There is much to be said for a genre of popular entertainment that engages real-world issues rather than running from them. The problem is that these issues are filtered through the prism of Hollywood’s singular political consciousness. Television preaches a kind of Porsche populism that reflects the industry’s socially liberal and cosmopolitan sensibility. Our survey of top writers, producers and studio executives found that three out of four place themselves on the political left and four out of five vote Democratic in presidential elections.

Even more telling is our finding that two-thirds of Hollywood’s creative elite believe that TV entertainment should play “a major role in promoting social reform.” Hollywood’s insular political culture, combined with its increasing zeal for social activism, raises the possibility that issue-oriented programming will degenerate into political propaganda. Not everyone has qualms about this.

Feminist producer Linda Bloodworth-Thomason (“Designing Women”) says bluntly, “It’s 23 minutes of prime-time television . . . to address any topic I want. I’d be lying if I didn’t say I put my personal opinions in. I do get my own propaganda in.” Little wonder that producers have begun working closely with activist groups to integrate their messages in the prime-time schedule on a continuing basis.

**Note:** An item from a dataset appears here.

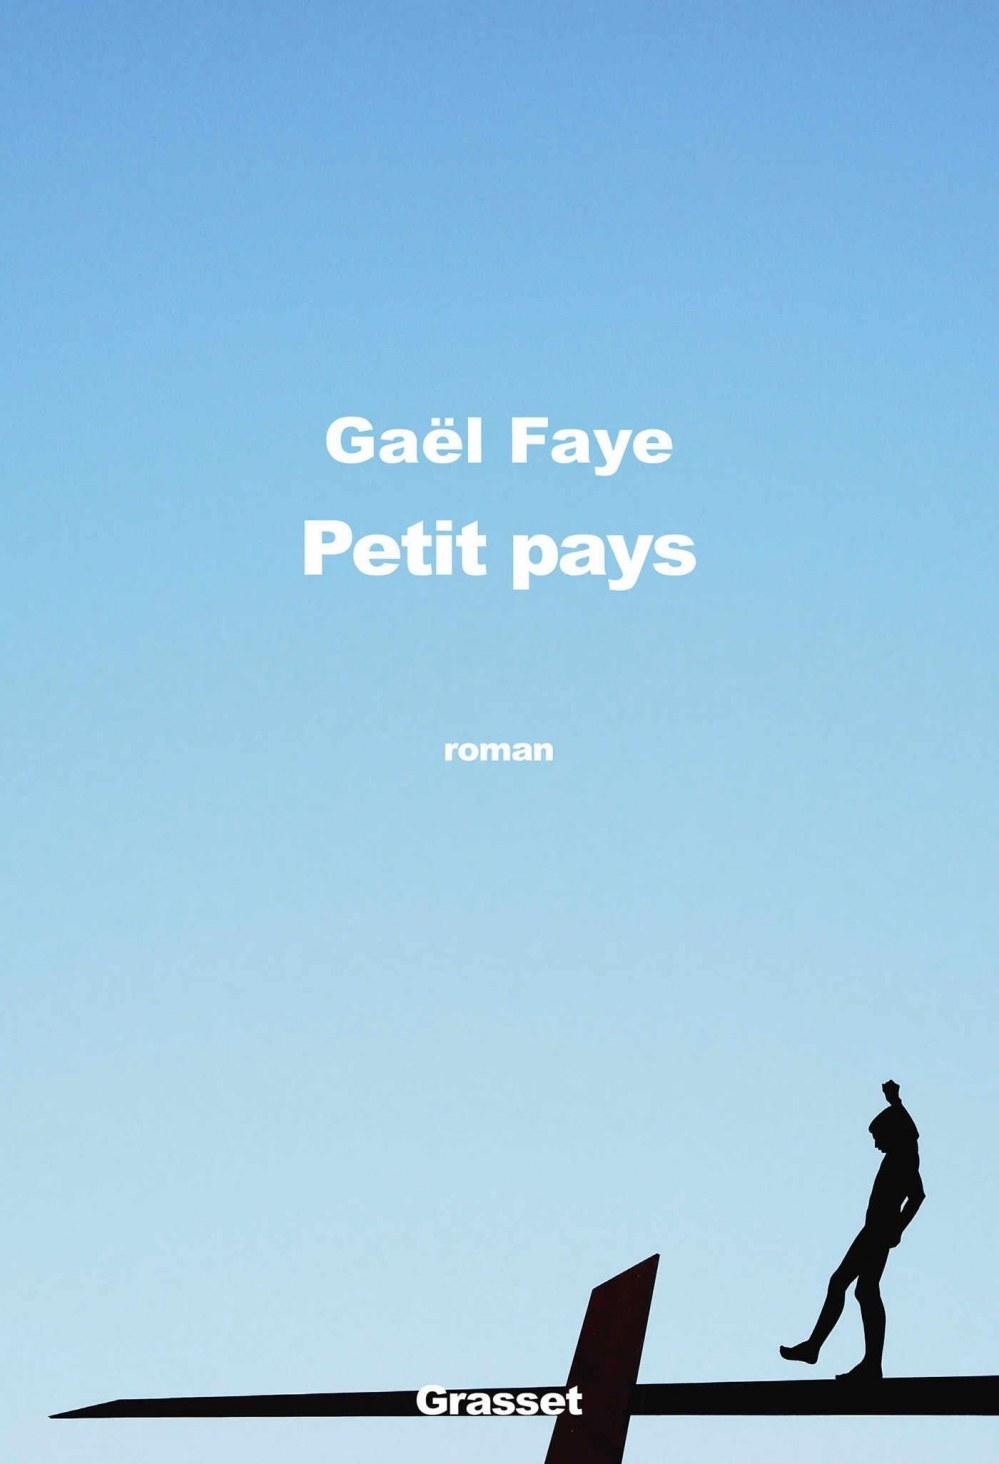 gael faye petit pays bibliolingus blog livre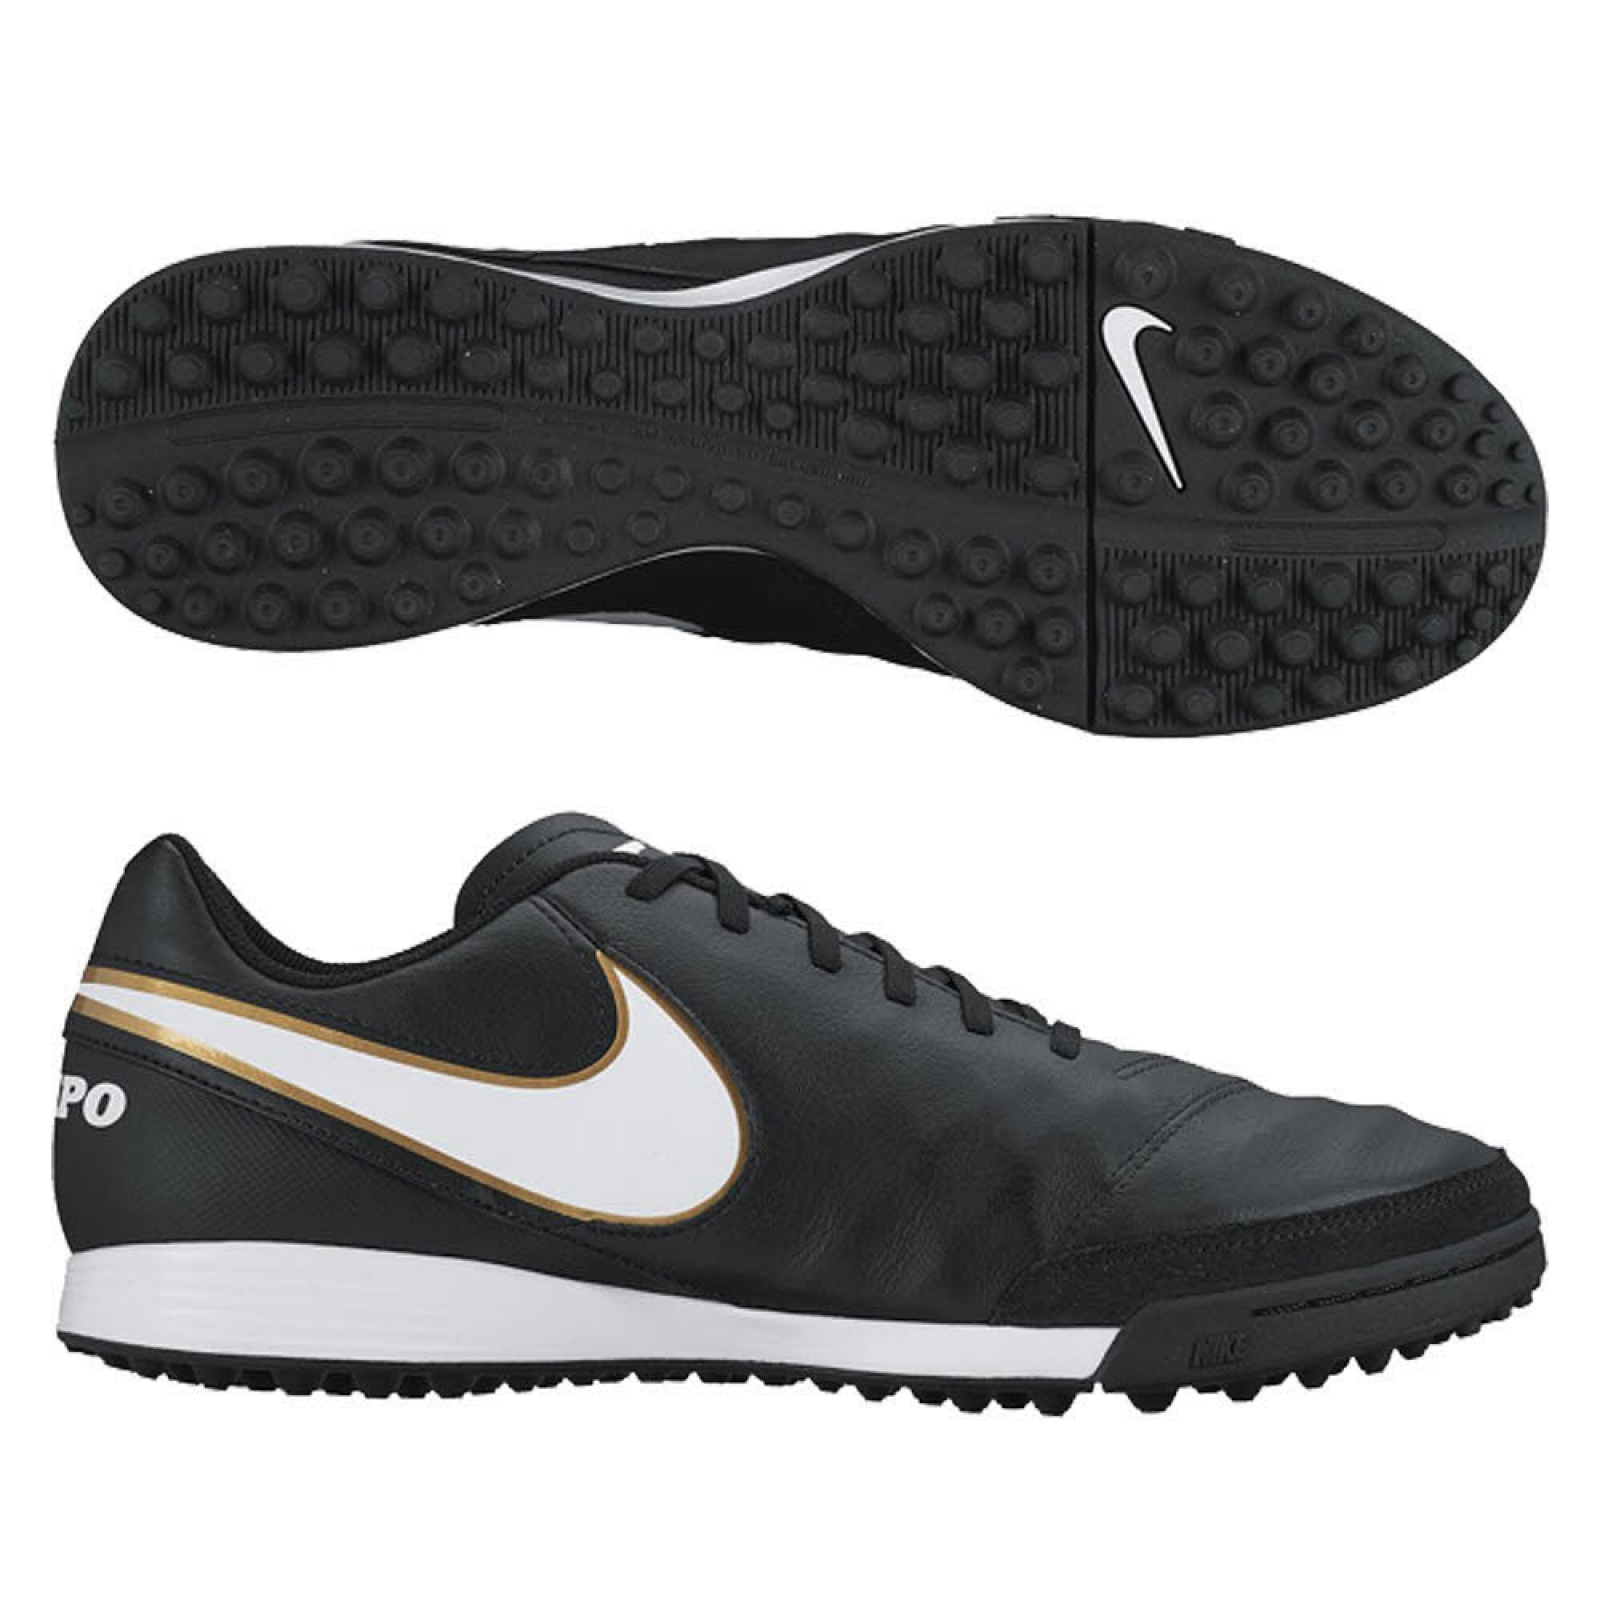 Leather Tf Nike Fussballschuhe Multinocken Tiempo Genio

Conspicuously absent from prime time’s laundry list of “socially responsible” images are portrayals of such middle American concerns as religious faith, old-fashioned patriotism and even occasional respect for authority. Far from reflecting the concerns of its audience, Hollywood is challenging life in America to imitate art. The goal is to guide middle-American tastes in the direction of intellectual and political trends emanating from New York and Los Angeles.

Advertisement

It may seem unlikely that the great American dream machine should opt for social engagement over escapism, but no more so than academia’s recent turn from education toward indoctrination. In both cases, the rise of PC proceeded from a similar mind-set. As producer and industry activist Lynne Guber puts it, “If (viewers) think they’re being preached to, they must ask themselves how they created the situation of having to be preached to. The reason we have to tell them what is happening is because they created the problem themselves in the first place.”